A body weighing 2 kg is suspended from a spring. If a body weighing 300 g is attached to it, then the spring will

A body weighing 2 kg is suspended from a spring. If a body weighing 300 g is attached to it, then the spring will stretch by another 2 cm. What will be the period of oscillation if the three-hundred-gram attachment is removed and the body weighing 2 kg is allowed to oscillate?

Let a body with a mass m₁ = 2 kg be suspended from a spring with a stiffness k. It creates an elongation of the spring x₁ meters. Spring force | Fprуп | = k ∙ х₁ will be balanced by the weight of the cargo Р₁ = m₁ ∙ g, where the coefficient g = 9.8 N / kg, that is, k ∙ х₁ = m₁ ∙ g. Then х₁ = m₁ ∙ g / k. If a body weighing m₂ = 300 g = 0.3 kg is attached to the load, then the spring will stretch additionally by x на = 2 cm = 0.02 m.In the second case, Fcont = Р₂ or k ∙ (x₁ + x₂) = (m₁ + m₂) ∙ g, then х₁ = – х₂ + (m₁ + m₂) ∙ g / k. We get, m₁ ∙ g / k = – x₂ + (m₁ + m₂) ∙ g / k, rigidity k = m₂ ∙ g / x₂.

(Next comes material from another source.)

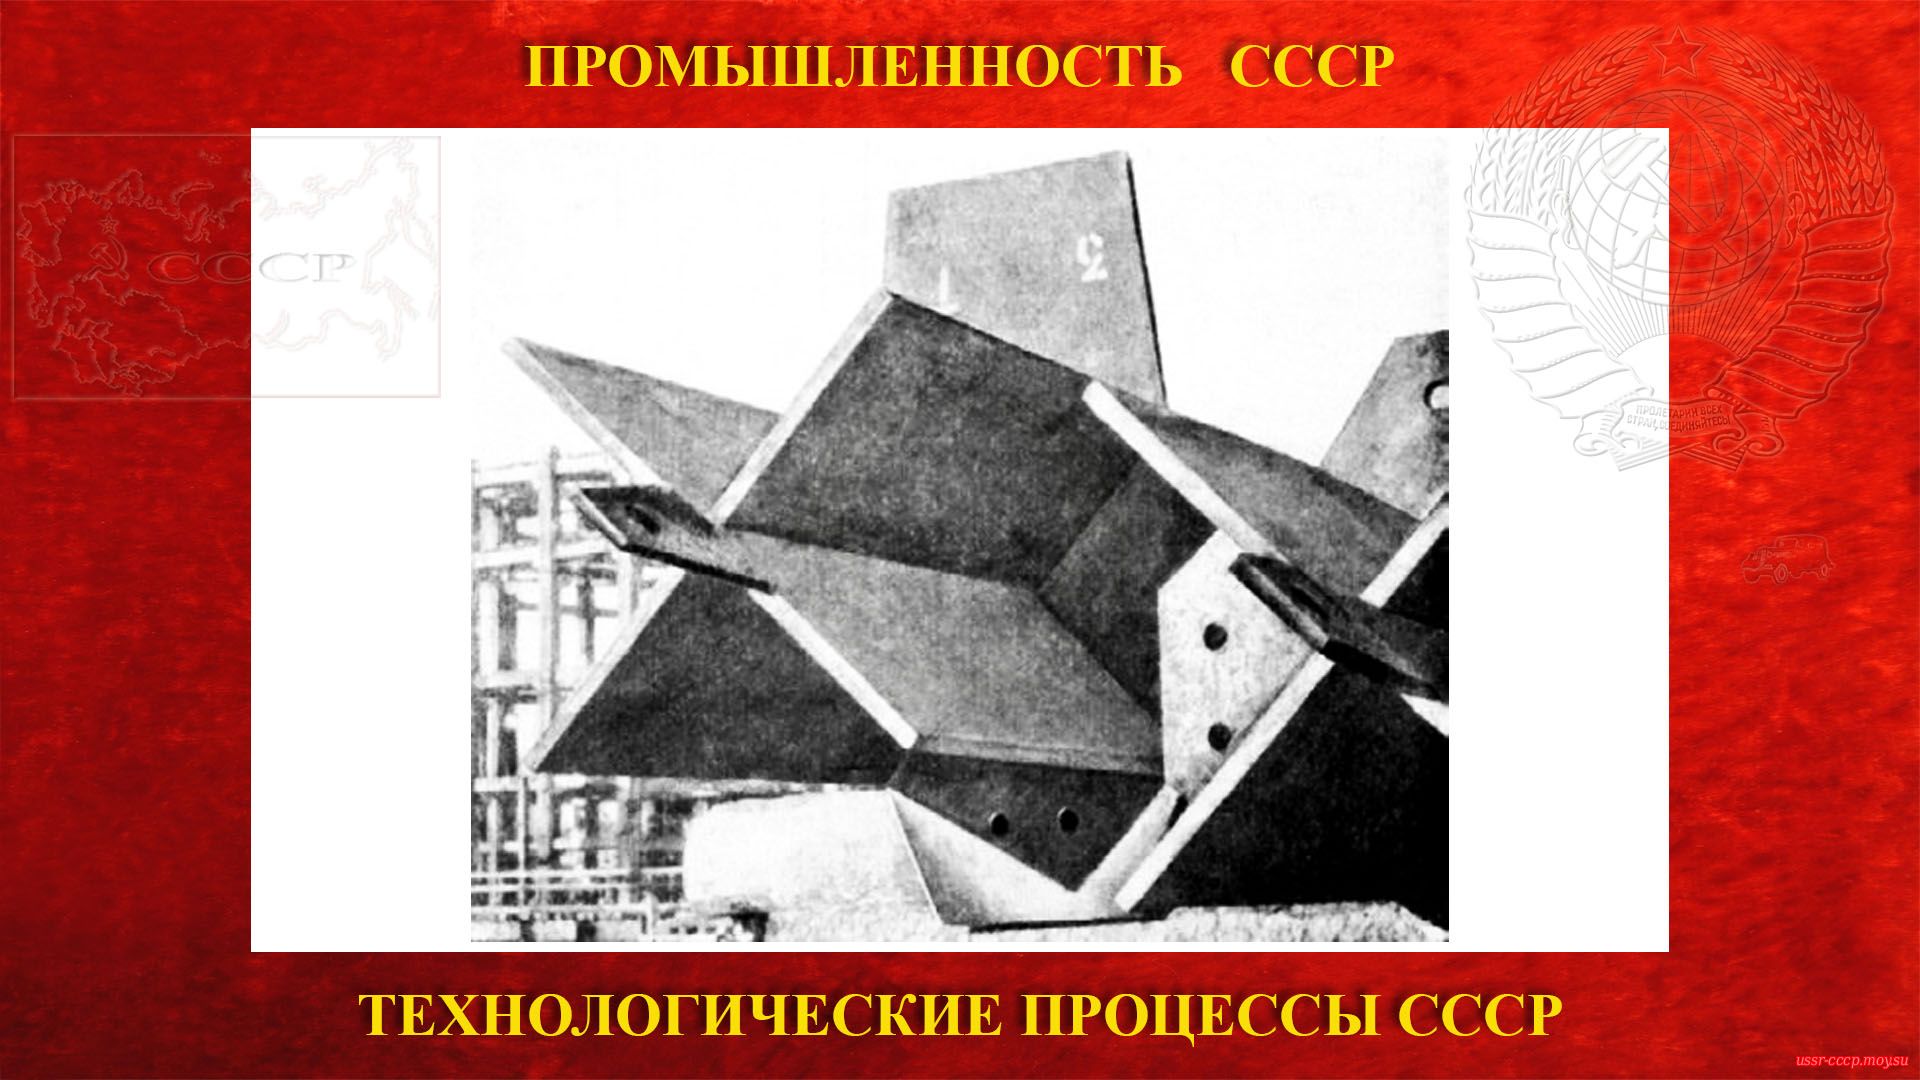 Металлические колонны крестовых сечений, впервые применявшиеся на строительстве высотного здания МГУ в 1949 году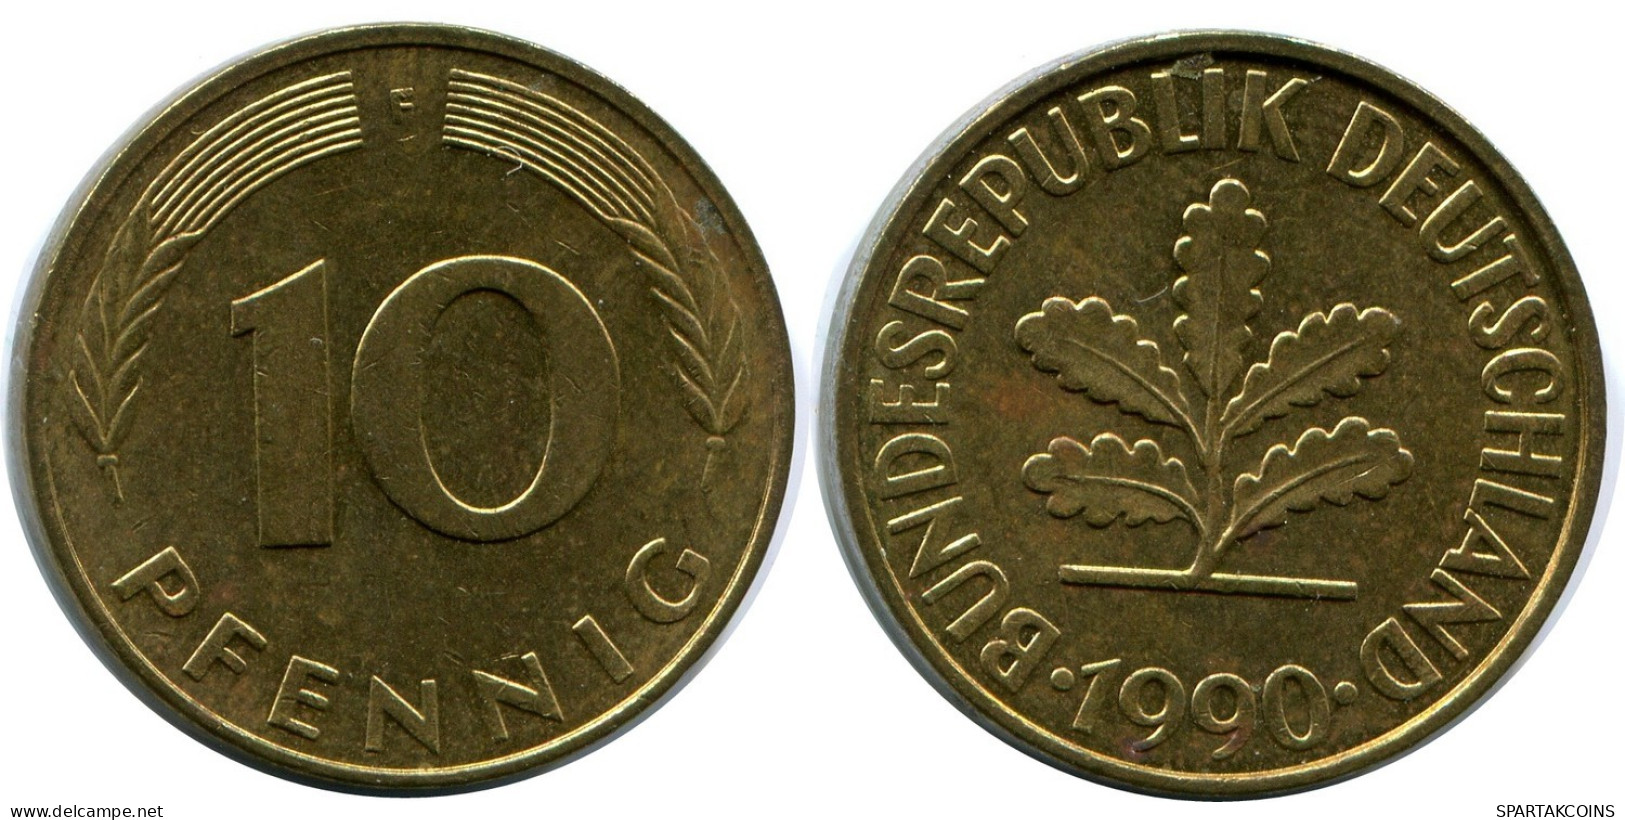 10 PFENNIG 1990 G WEST & UNIFIED GERMANY Coin #AZ453.U.A - 10 Pfennig

To determine what the oscillation period will be if the three-hundred-gram add-on is removed and the body weighing 2 kg is allowed to oscillate, we will use the formula T = 2 π √ (m₁ / k), where the coefficient π ≈ 3.14. Let’s combine the formulas:

Т = 2 · π · √ (m₁ ∙ х₂ / (m₂ ∙ g)).

Substitute the values ​​of physical quantities in the calculation formula:

T = 2 · 3.14 · √ (2 kg ∙ 0.02 m / (0.3 kg ∙ 9.8 N / kg));

T = 2.15 s.

Answer: the oscillation period will be 2.15 seconds.